Please return the listing below exactly, without any of its pictures.

Given data –
-- -- --

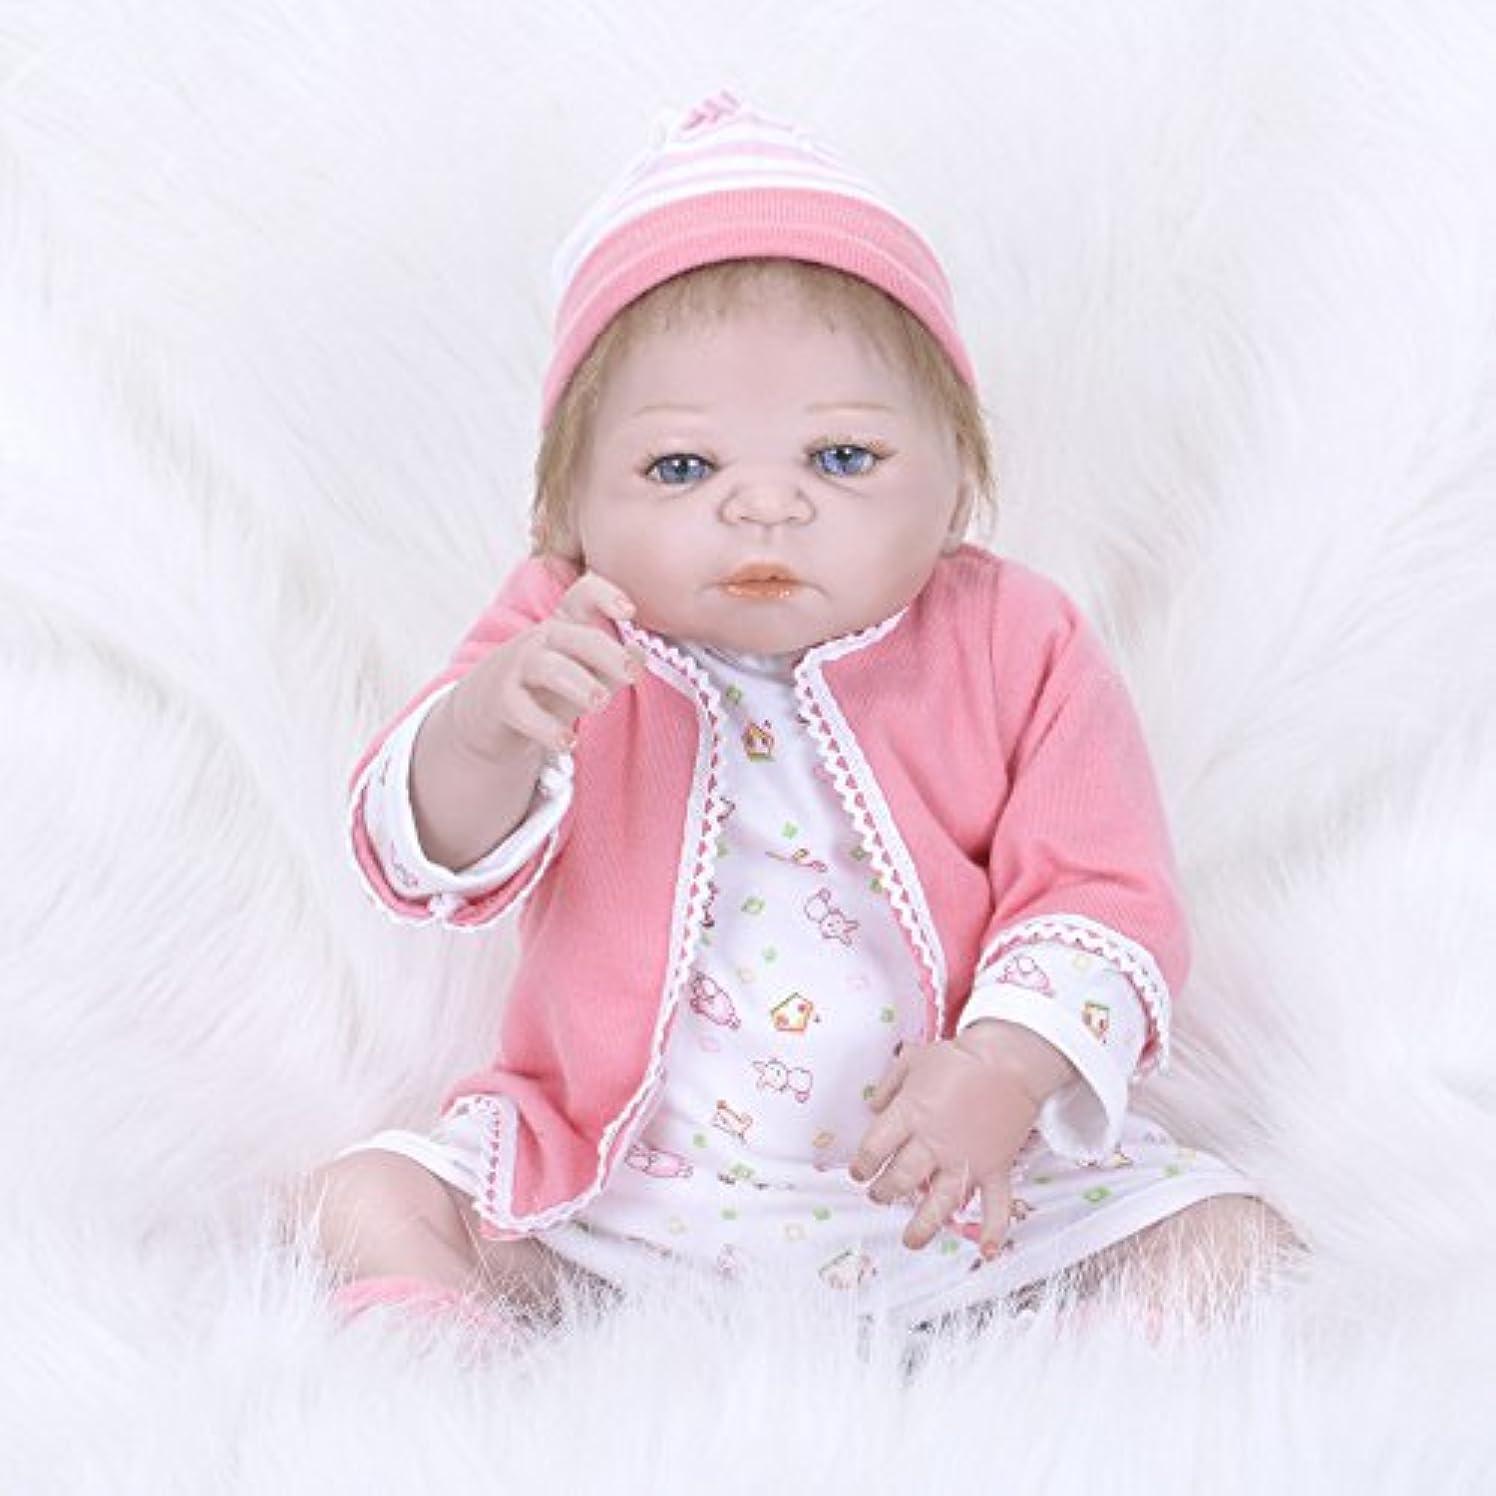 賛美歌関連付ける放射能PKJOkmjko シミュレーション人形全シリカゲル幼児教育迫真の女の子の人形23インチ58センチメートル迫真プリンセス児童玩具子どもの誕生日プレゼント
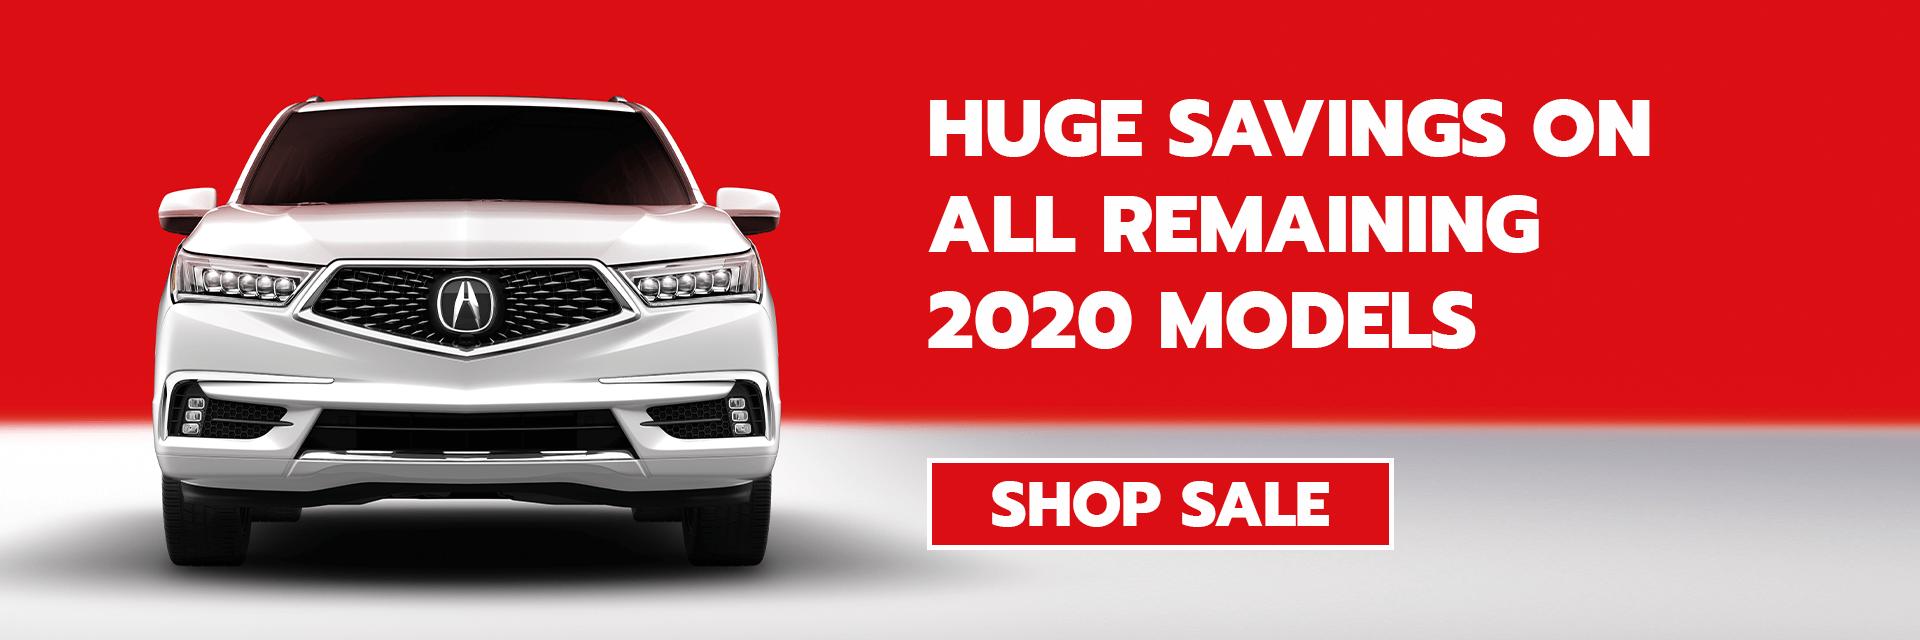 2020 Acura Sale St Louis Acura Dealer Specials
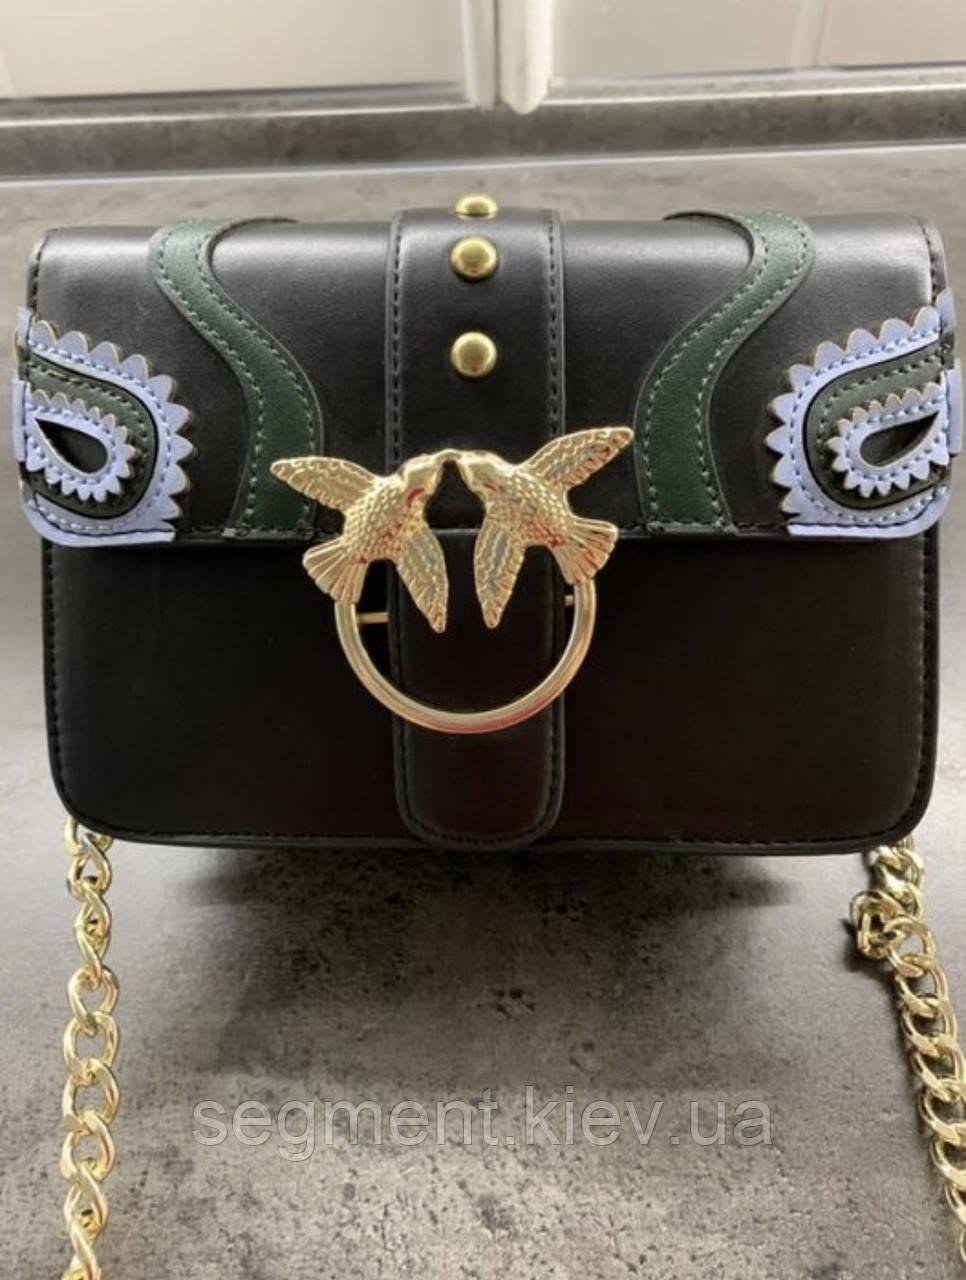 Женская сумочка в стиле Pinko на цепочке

-- -- --

Written reply –
 賛美歌関連付ける放射能PKJOkmjko シミュレーション人形全シリカゲル幼児教育迫真の女の子の人形23インチ58センチメートル迫真プリンセス児童玩具子どもの誕生日プレゼント
 2020 Acura Sale St Louis Acura Dealer Specials
 Женская сумочка в стиле Pinko на цепочке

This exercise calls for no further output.